Determining the number of clock cycles a processor takes to execute a block of assembly instructions in steady-state is crucial for both performance engineers and compiler designers.
Developing an analytical model to do so is an extremely complicated task, especially in modern processor architectures where the task becomes more error-prone and must be performed from scratch for each processor generation.
Now, MIT researchers have built a machine learning tool that automates this process, making it faster, easier and more accurate than state-of-the-art handwritten tools currently used in static machine code analyzers and compiler backends.
They described this novel machine-learning pipeline in three conference papers:
1. Ithemal: A neural network model is trained on basic blocks of labeled data (blocks of computing instructions). It then predicts how long a given microprocessor takes to run unprocessed basic blocks.
2. BHive: To validate Ithemal, researchers created a benchmark suite of basic blocks from different fields, such as cryptography, compilers, machine learning, and graphics. They gathered over 300,000 blocks and put them into BHive, an open-source dataset.
The testing showed that Ithemal was able to predict how fast Intel processors would run code more accurately than the performance model developed by Intel itself.
3. Vemal: Researchers built a new method to automatically create an algorithm named Vemal that transforms specific code into vectors so that it can be sued for parallel computing.
Vemal performs better than hand-crafted vectorization algorithms used in industrial compilers, including the LLVM compiler.
Using Data Instead Of Chip’s Documentation
Intel does provide detailed documentation to explain its chip’s architecture. But only certain expert developers create performance models to simulate the code execution on those architectures. And since these chips are proprietary, Intel omits certain information in documentations.
What researchers did is they clocked the average number of cycles a chip takes to execute basic block instructions (such as run a specific command, shut down, and reboot), using a neural network.
The neural network automatically profiles million of blocks and gradually learns how different processor architectures run code. In simple terms, researchers used an artificial intelligence model to analyze data without focusing on the chip’s documentation.

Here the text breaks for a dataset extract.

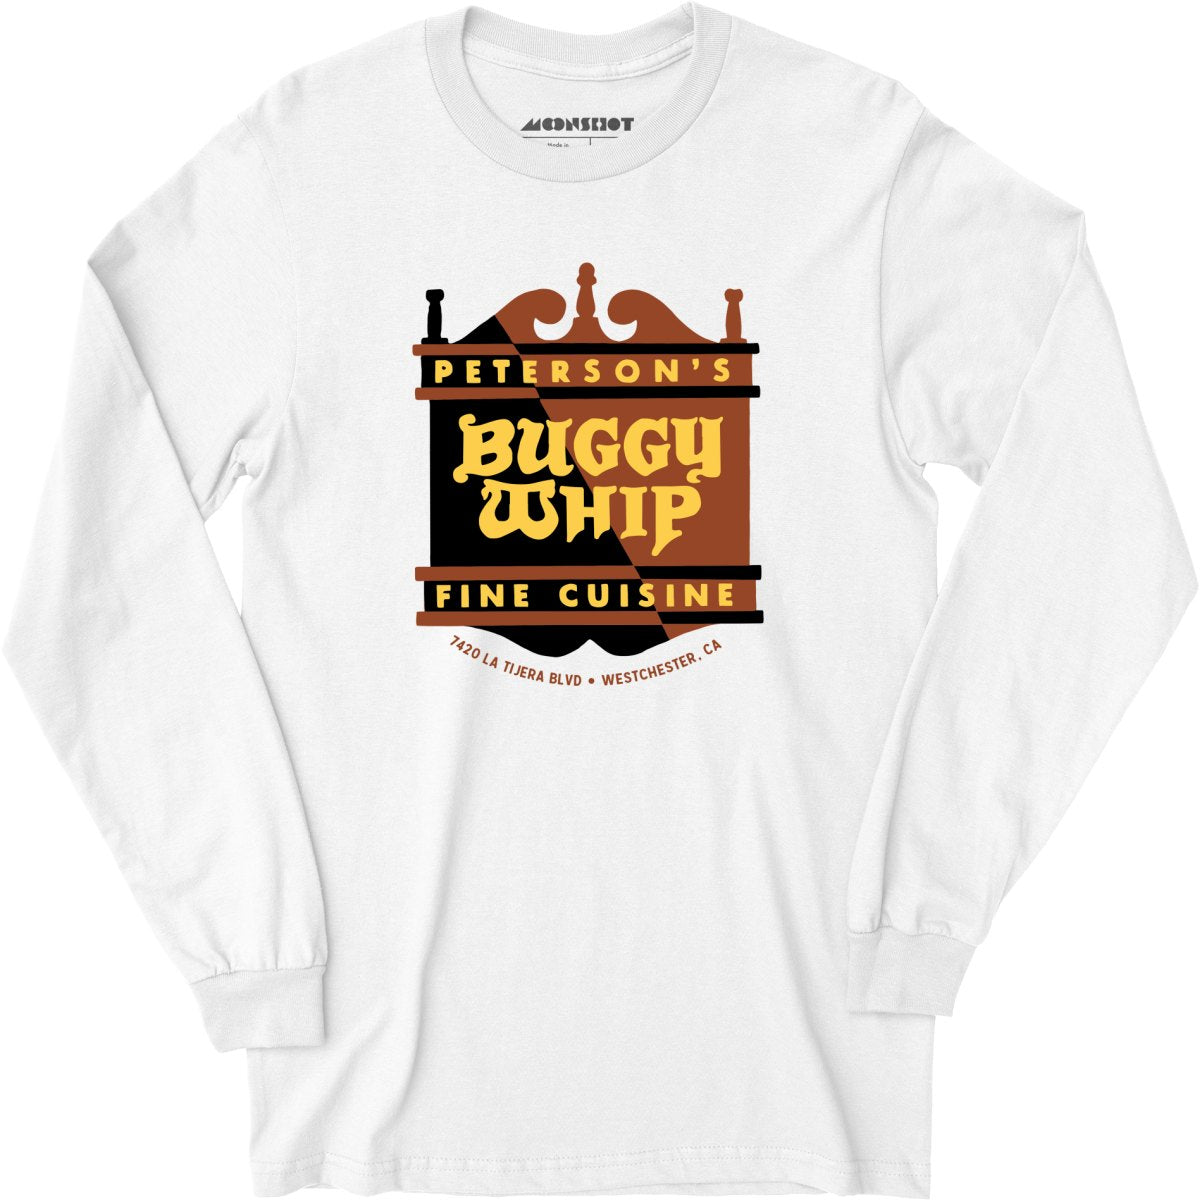 Peterson's Buggy Whip - Westchester, CA - Vintage Restaurant - Long Sleeve T-Shirt

Ithemal takes unseen basic blocks as input and generates a single number suggesting how long a given processor will take to run that code.

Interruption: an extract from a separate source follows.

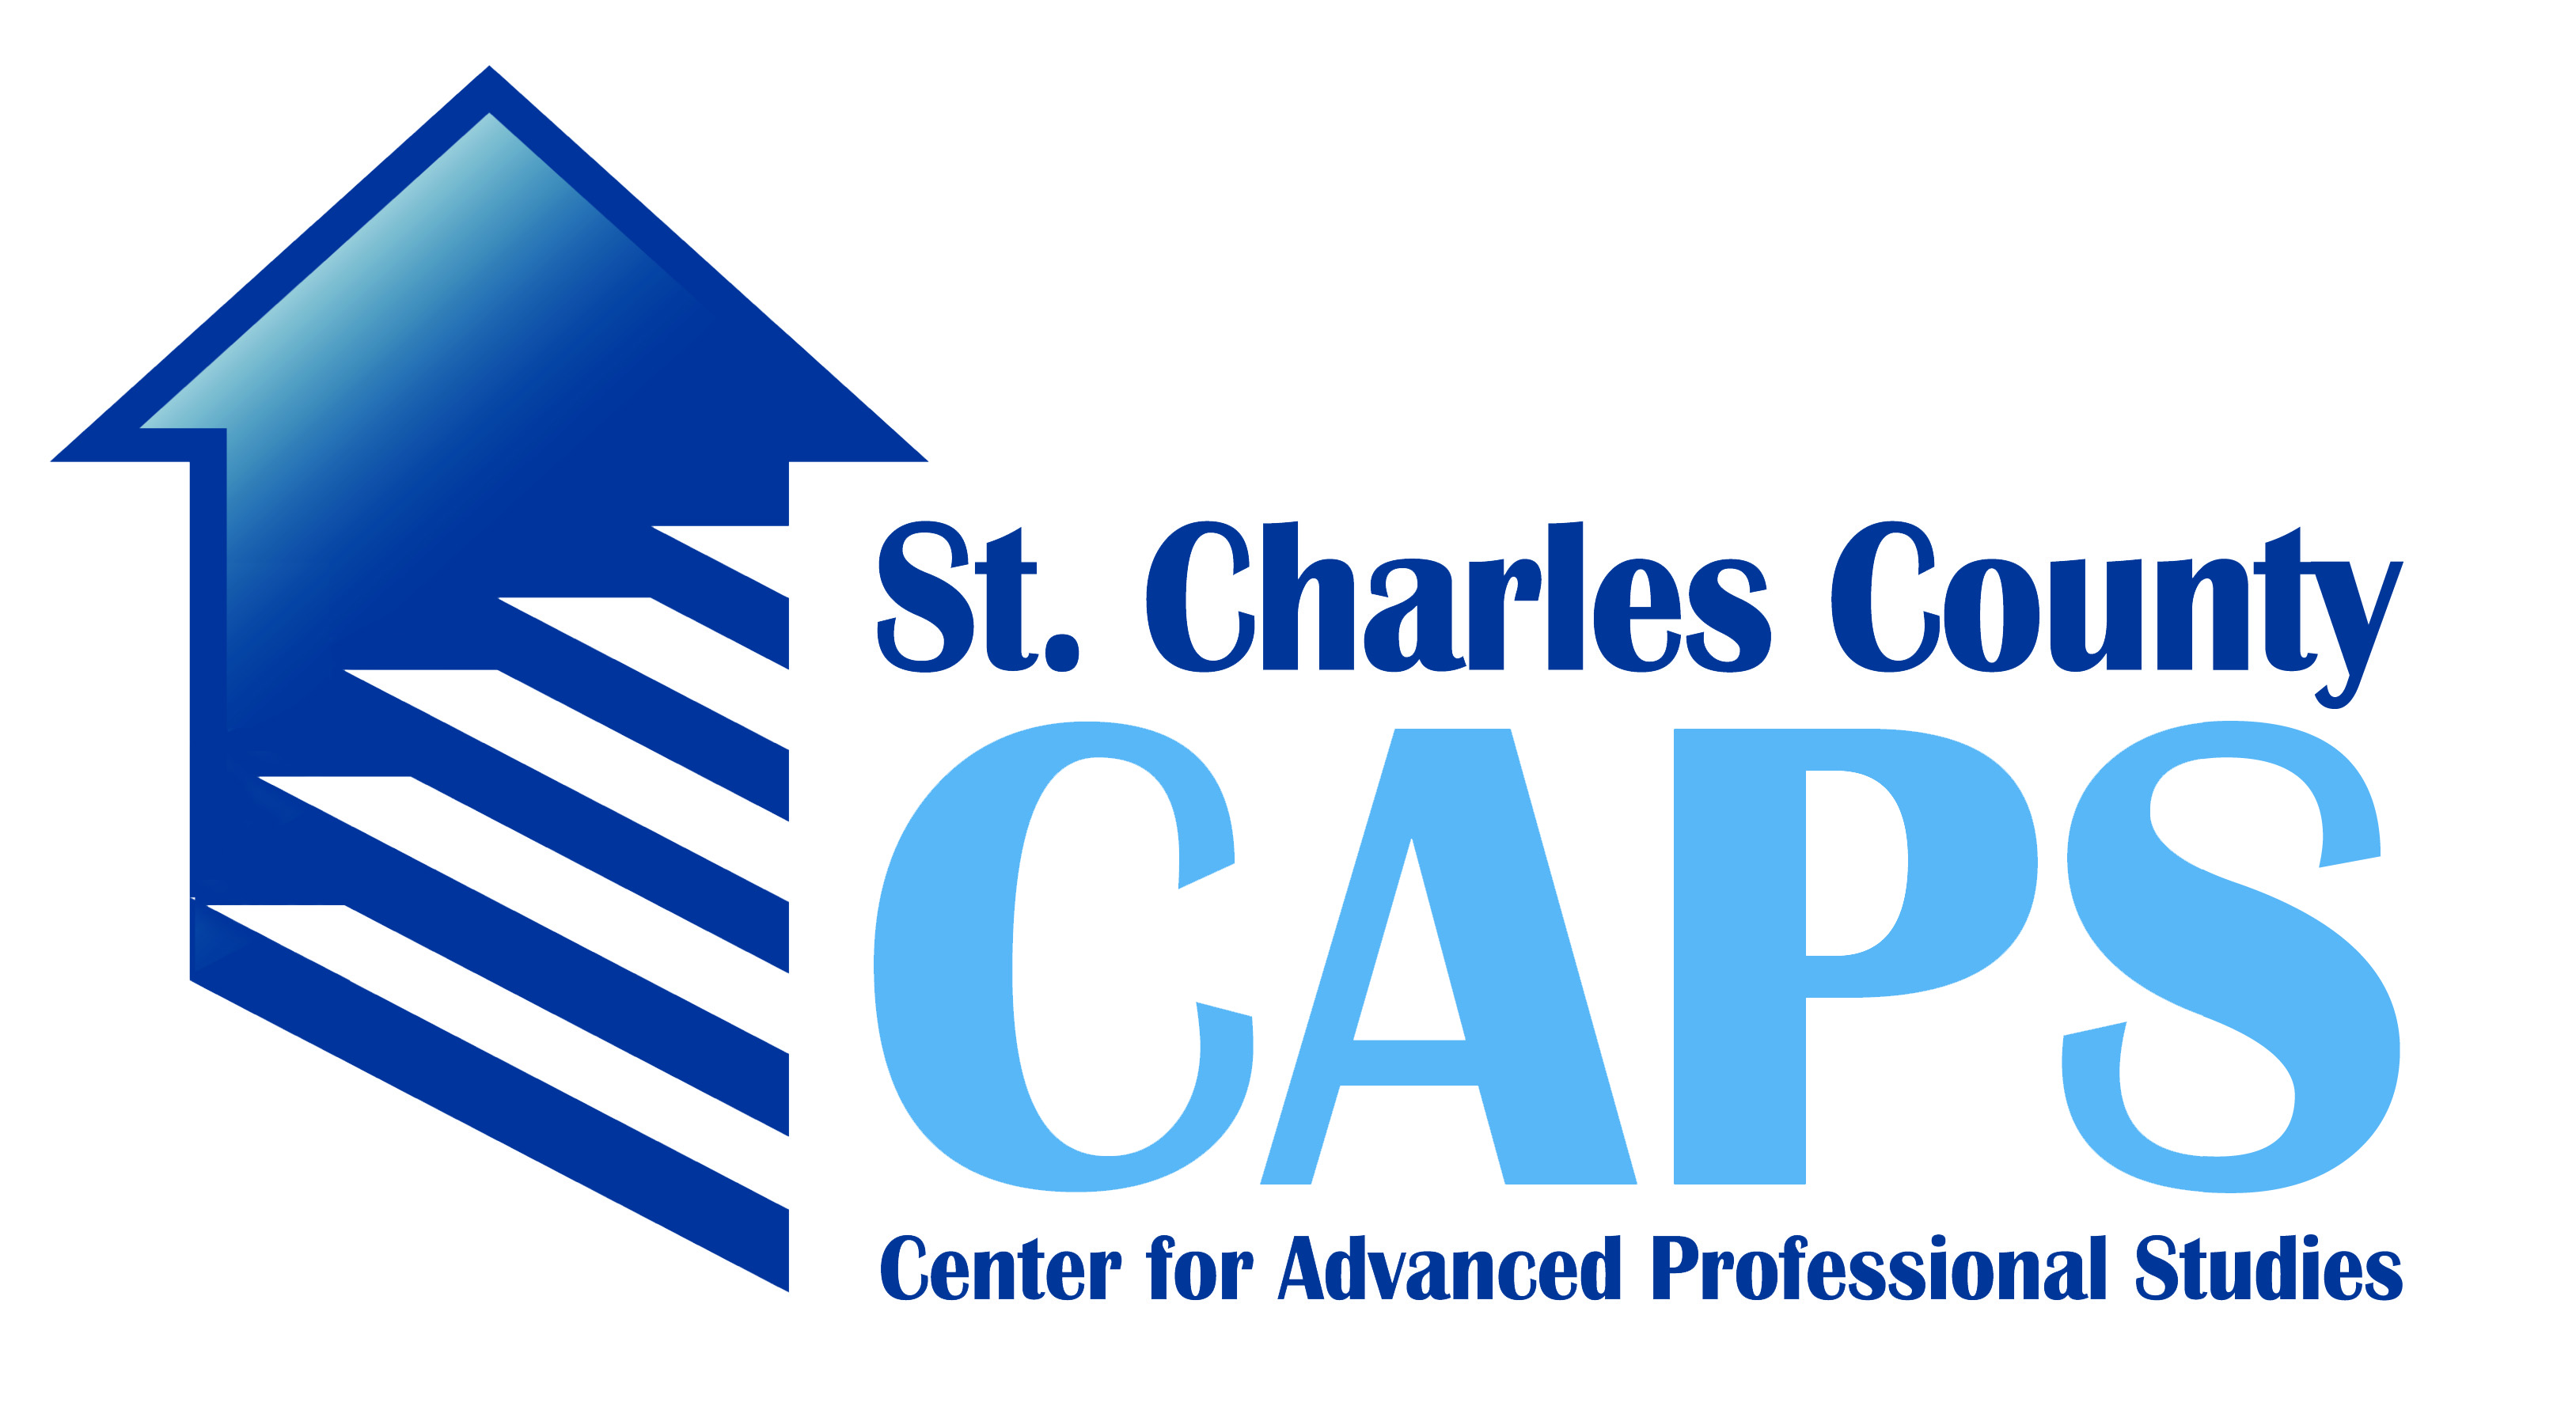 Centers for Advanced Professional Studies logo

In the second paper, researchers demonstrated that Ithemal performs better than conventional hand-crafted models. While the error rate of Intel’s prediction model was 20%, Ithemal’s error rate was 10% on various basic blocks across different domains.

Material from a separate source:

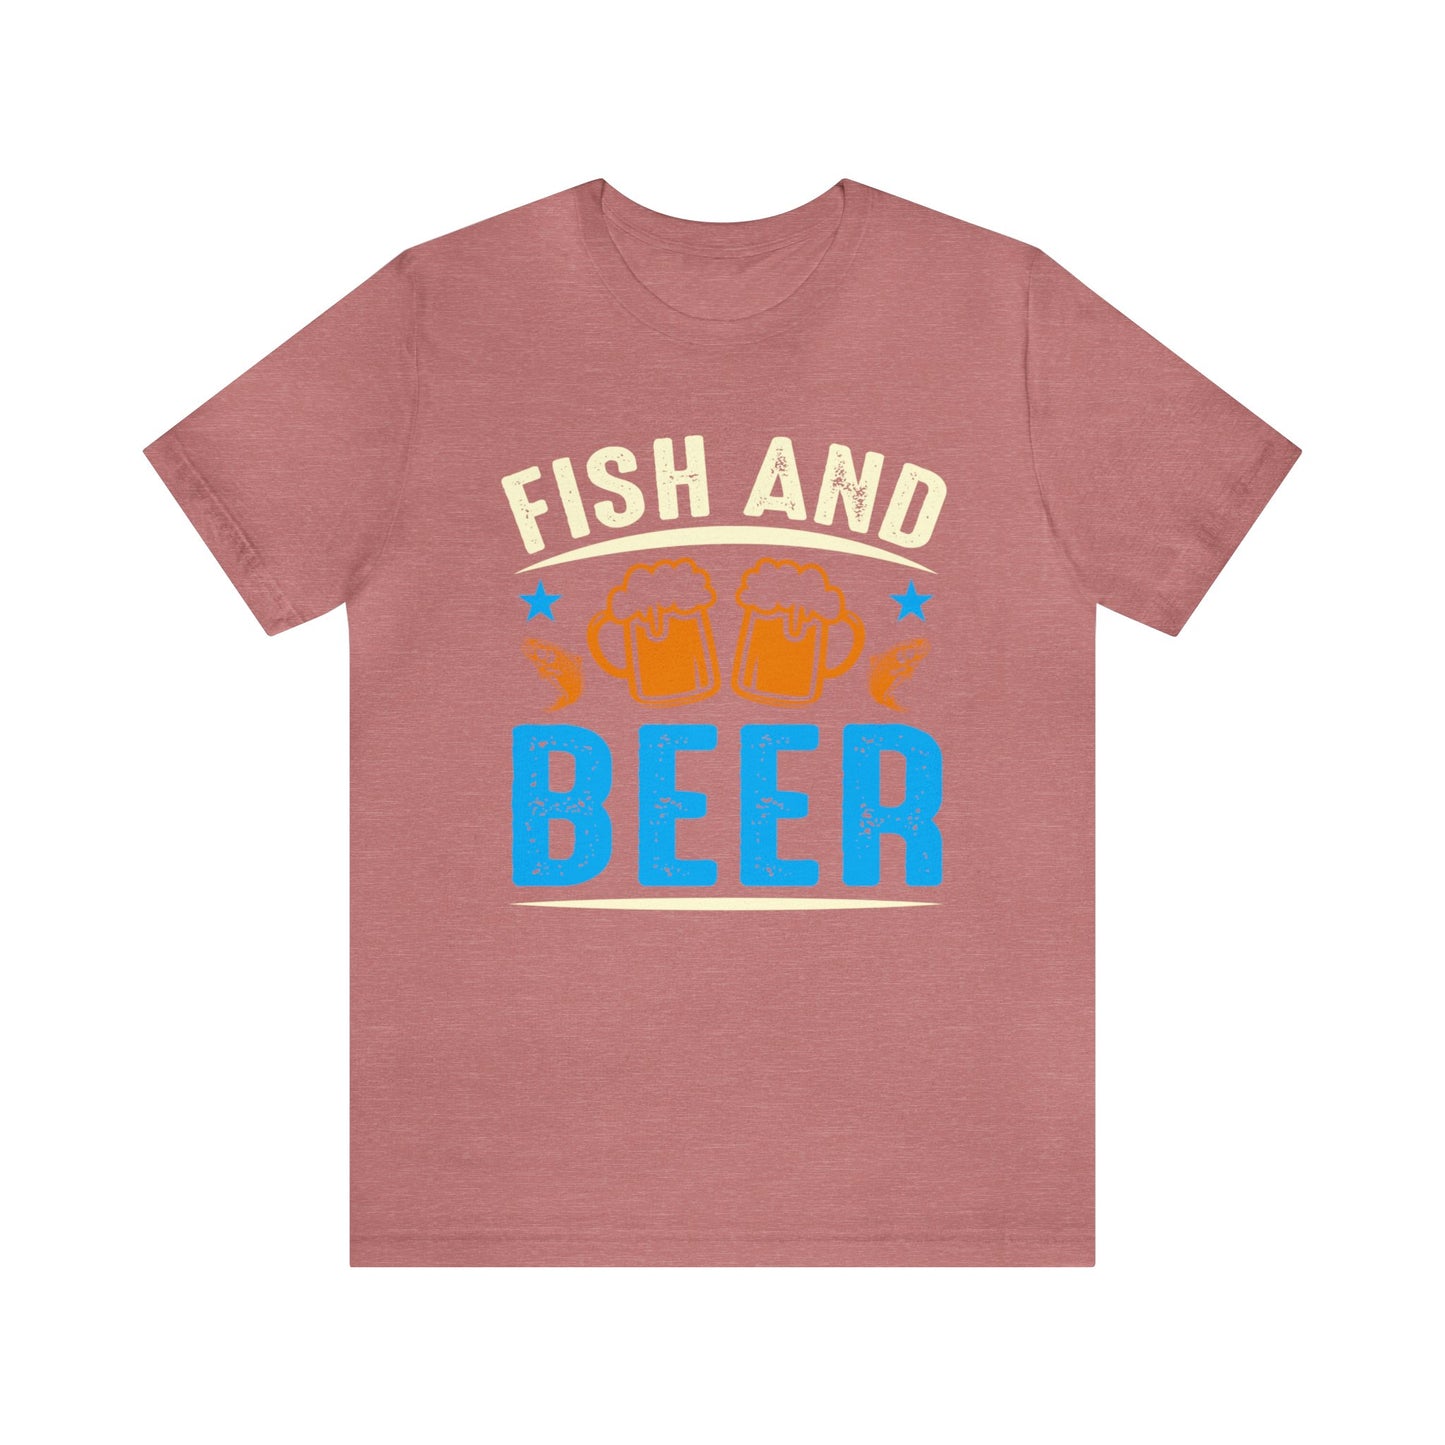 Reel in Style with Our Exclusive 'Fish and Beer' Graphic T-Shirt

The model can be easily trained on new architectures: just gather more data from that chip, run it through the profiler and utilize that information to train Ithemal. That’s it; the model is now ready to estimate performance. It can learn performance speeds for any processor architecture, including Google’s new Tensor Processing Unit.
However, researchers still don’t know how this model makes predictions, as much of machine learning is a black box. In the next study, they will try to explore techniques that could interpret these models.